Dave lives 2 hours north of me, and came down Sunday to my house!  We exchanged some mantids and visited for about 4 hours. It was great!! He got to meet my husband and son, and my husband put him to work while he was here, helping move some furniture, and a new T.V. and entertainment center we'd just bought, lol!   

For being a member of an international and world-wide, though fairly small and specific, online community... I consider myself very fortunate to have such a wonderful fellow member so close.
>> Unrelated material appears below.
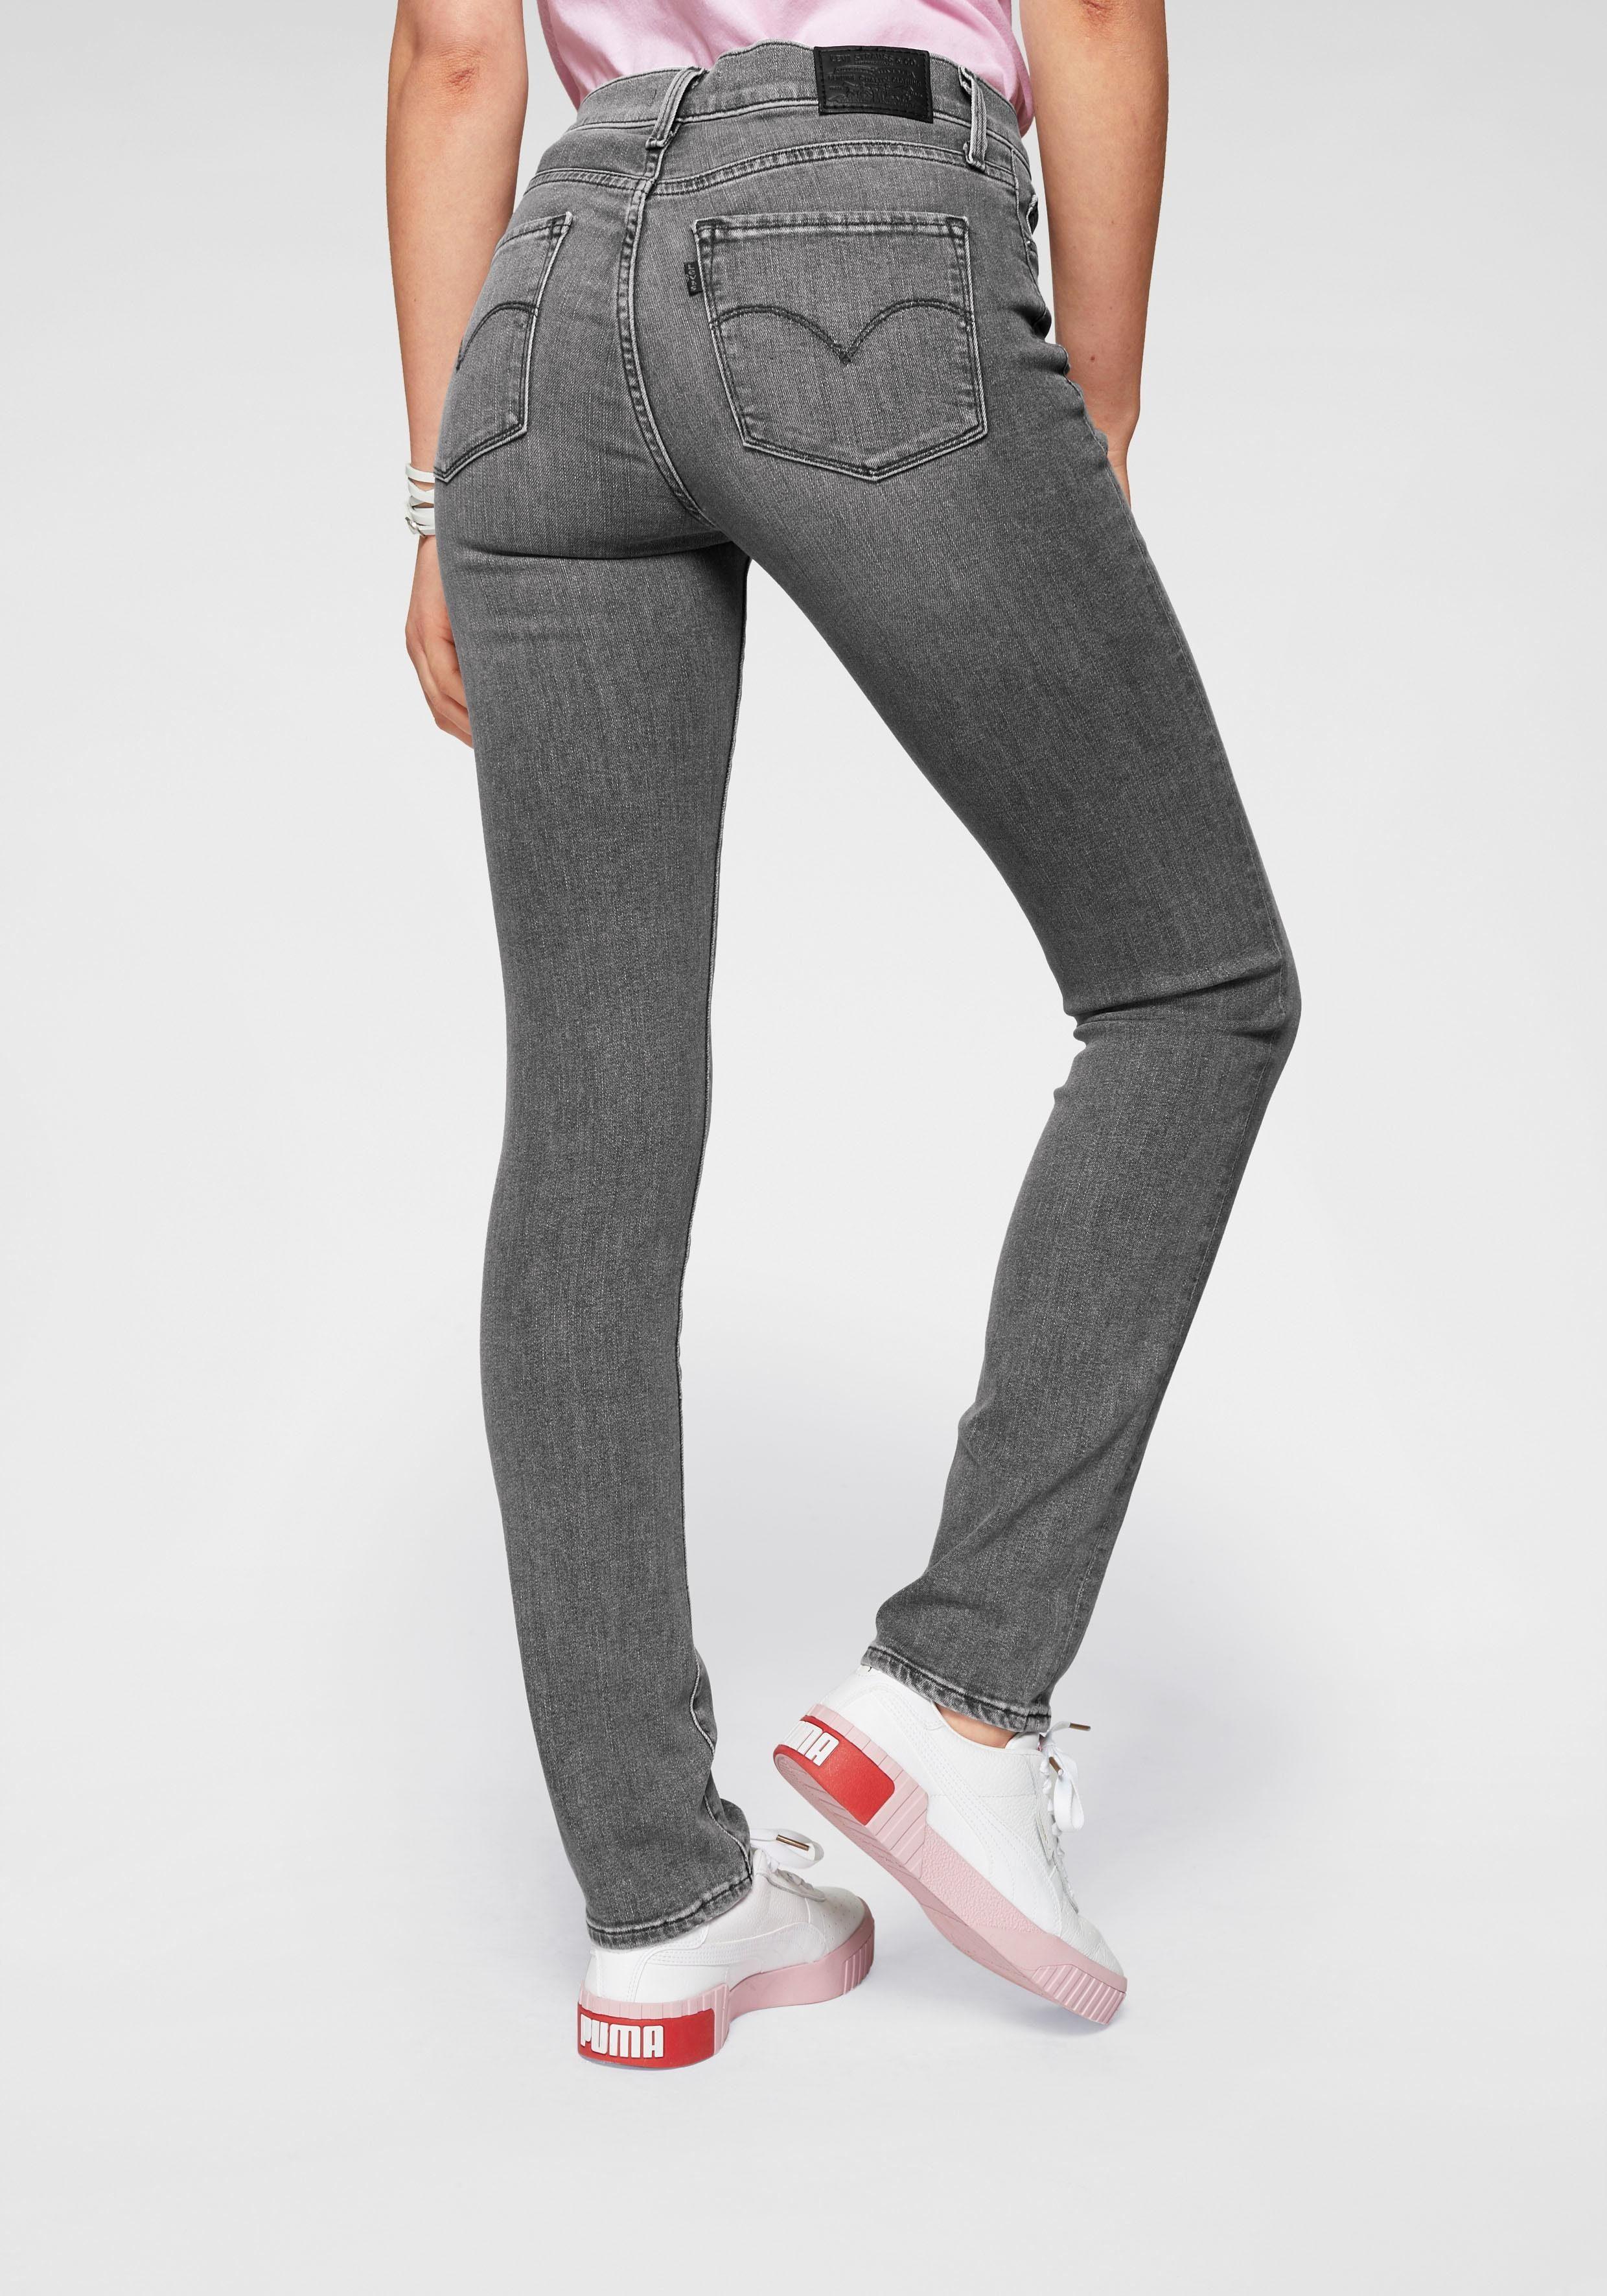 Grijze Dames Straight Fit Jeans van Cecil online kopen

I very much enjoyed our visit, and I'm planning on making the trip up to his neck of the woods to visit him next time!  

Hubby took this pic of us to share with you all....


----------



## hibiscusmile (May 12, 2009)

Thats wonderful! Good for u both!


----------



## kamakiri (May 13, 2009)

That's nice to hear! I've been lucky enough to meet a couple of my Cali neighbors from the forum.


----------



## [email protected] (May 13, 2009)

That's cool, I think that I'm alown in Colo well I don't know :blink: , but I am geting friends into mantids so maybe not all alown  

Danny


----------



## Rick (May 13, 2009)

That's nice. I had two members close to me. One, Perry (padkison) died last year unexpectedly. The other is ABbuggin.


----------



## Giosan (May 13, 2009)

How great! If i ever decide to see US, i'll visit you  

I have Idolomantis live pretty close  Right Idolo?


----------



## idolomantis (May 13, 2009)

Giosan said:


> How great! If i ever decide to see US, i'll visit you  I have Idolomantis live pretty close  Right Idolo?
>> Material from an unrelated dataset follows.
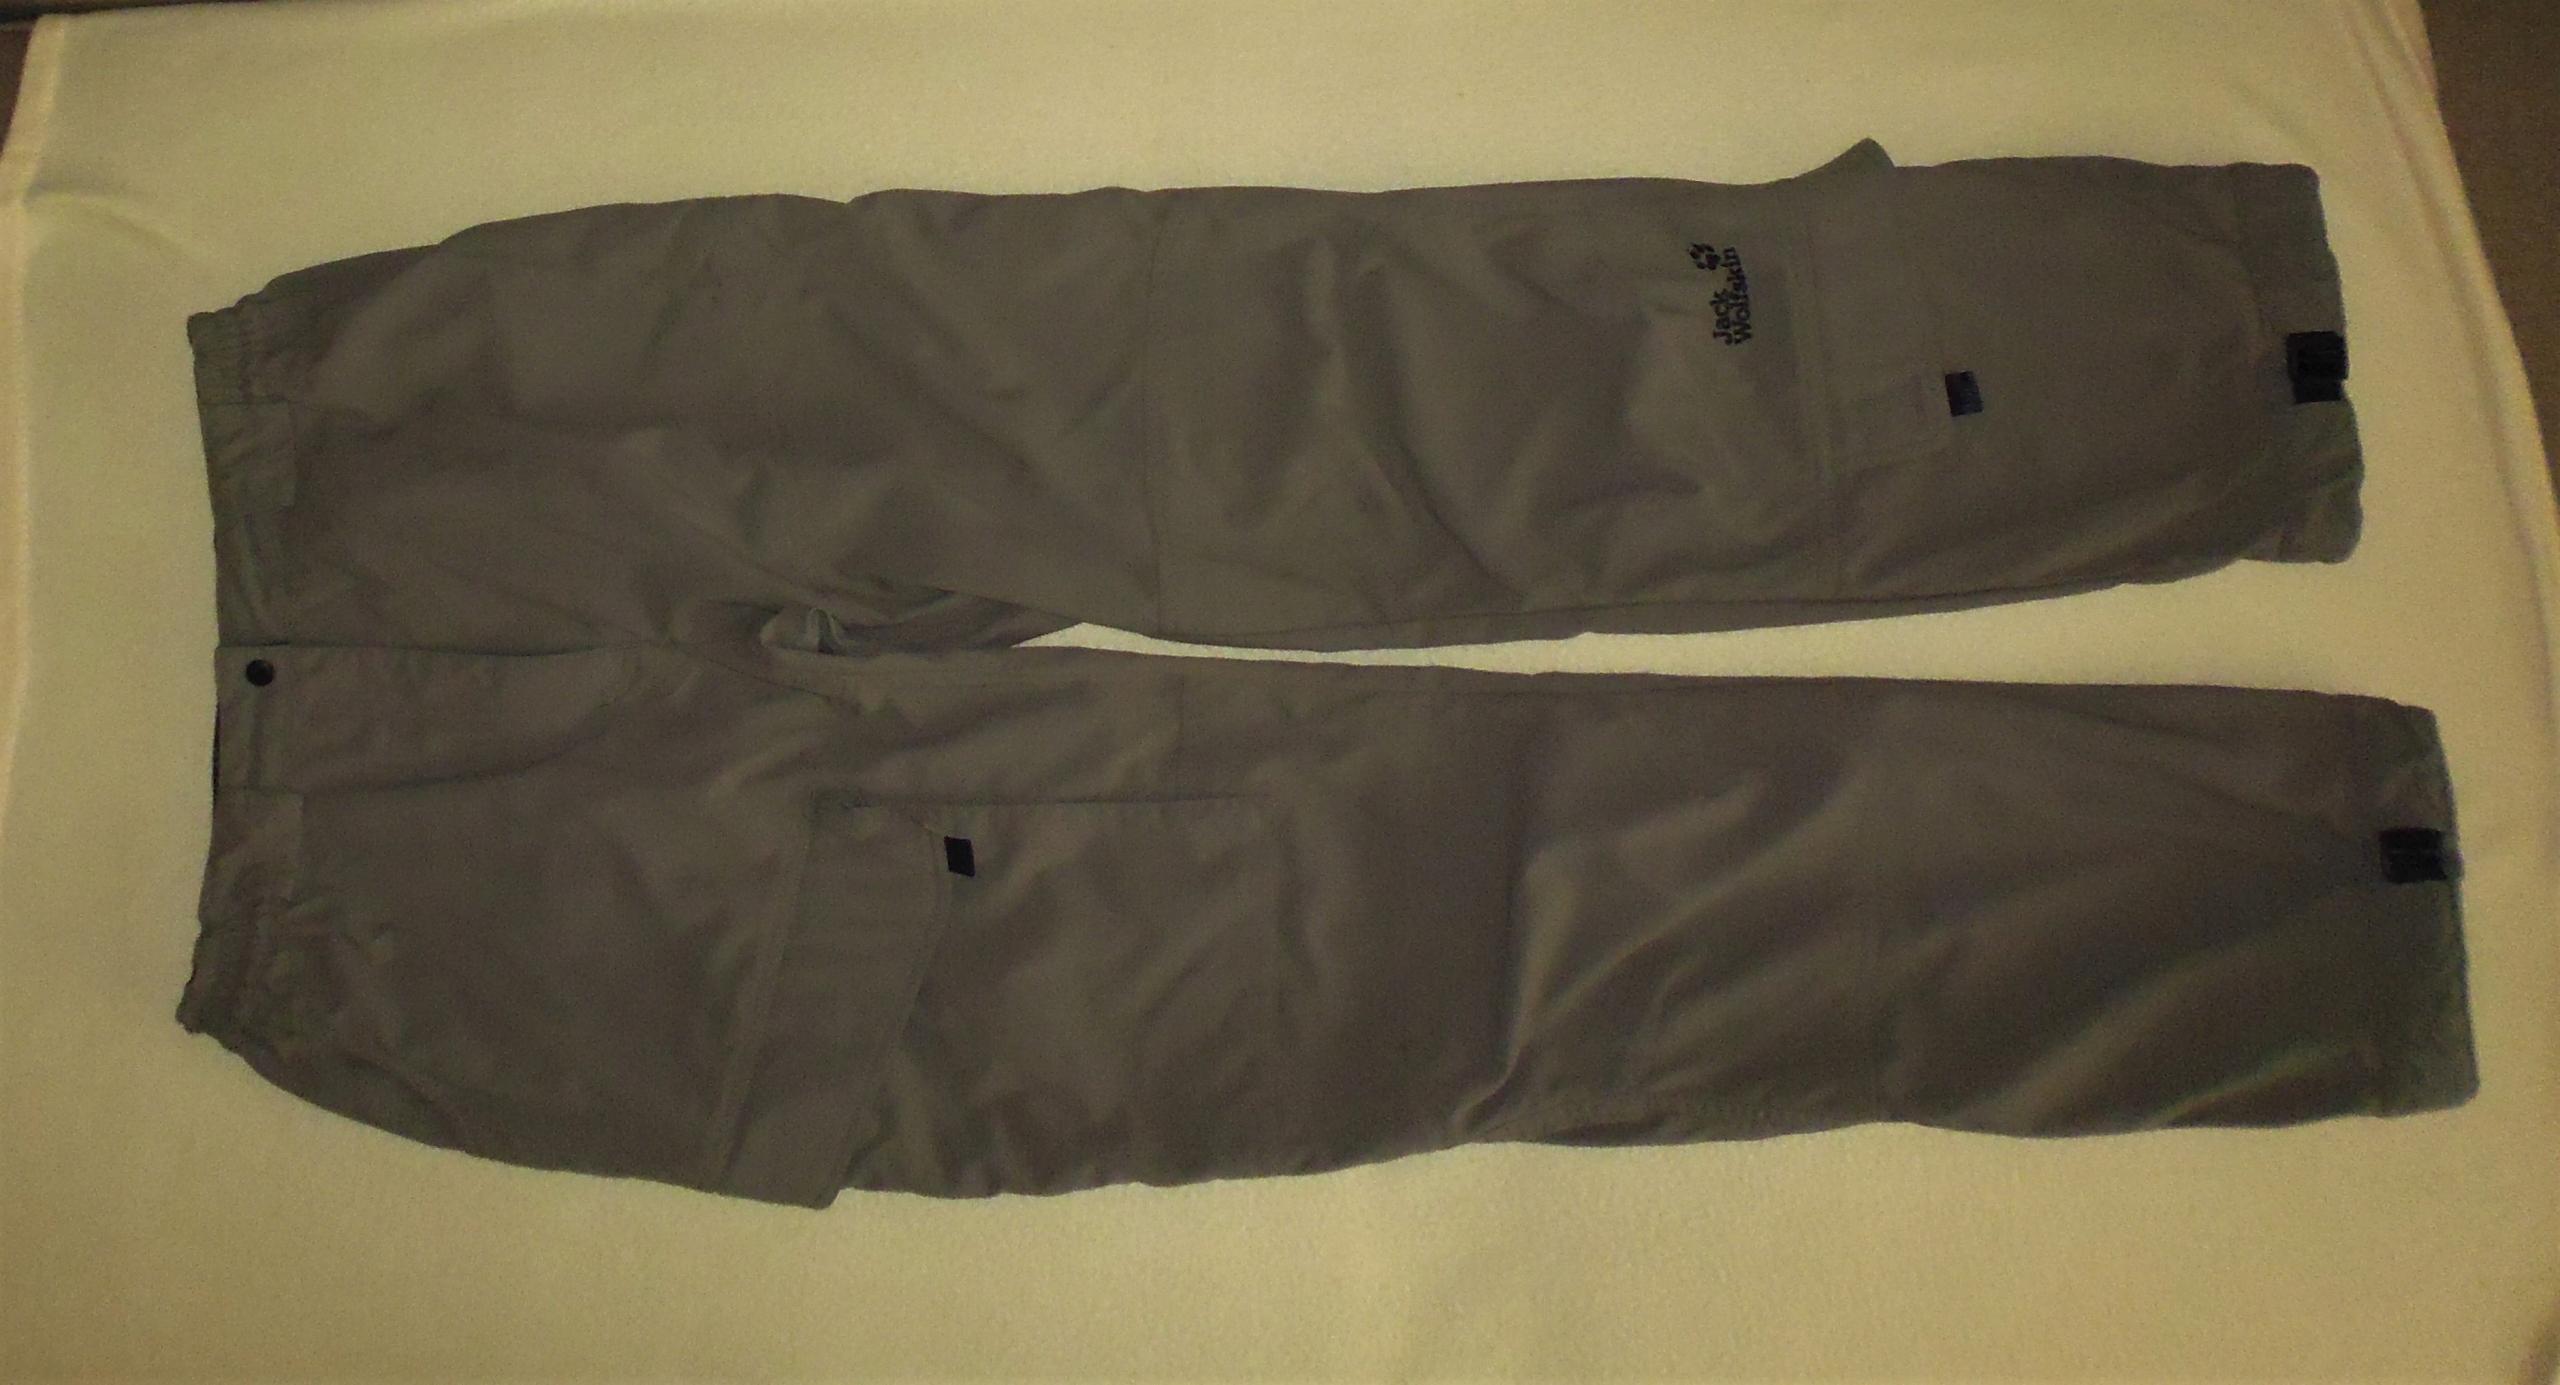 Jack Wolfskin-spodnie bojówki 42

uhu, i could be at their house in 20 minutes, but then again holland is very small


----------



## revmdn (May 13, 2009)

I think it's great that you put him to work. Good for you.


----------



## Rick (May 13, 2009)

revmdn said:


> I think it's great that you put him to work. Good for you.


Yeah me too. Looks like some physical labor would be good for him. :lol:


----------



## PhilinYuma (May 13, 2009)

We haven't heard from you, yet, 'Lectric! Still unpacking all those mantids?

Katt. That night be the answer to yr shipping issues! Just pack those babies in a picnic styro and drive them right down to your customers. I'd give you a cuppa and a scone, any day!


----------



## The_Asa (May 18, 2009)

Cool, where are my members from VA?


----------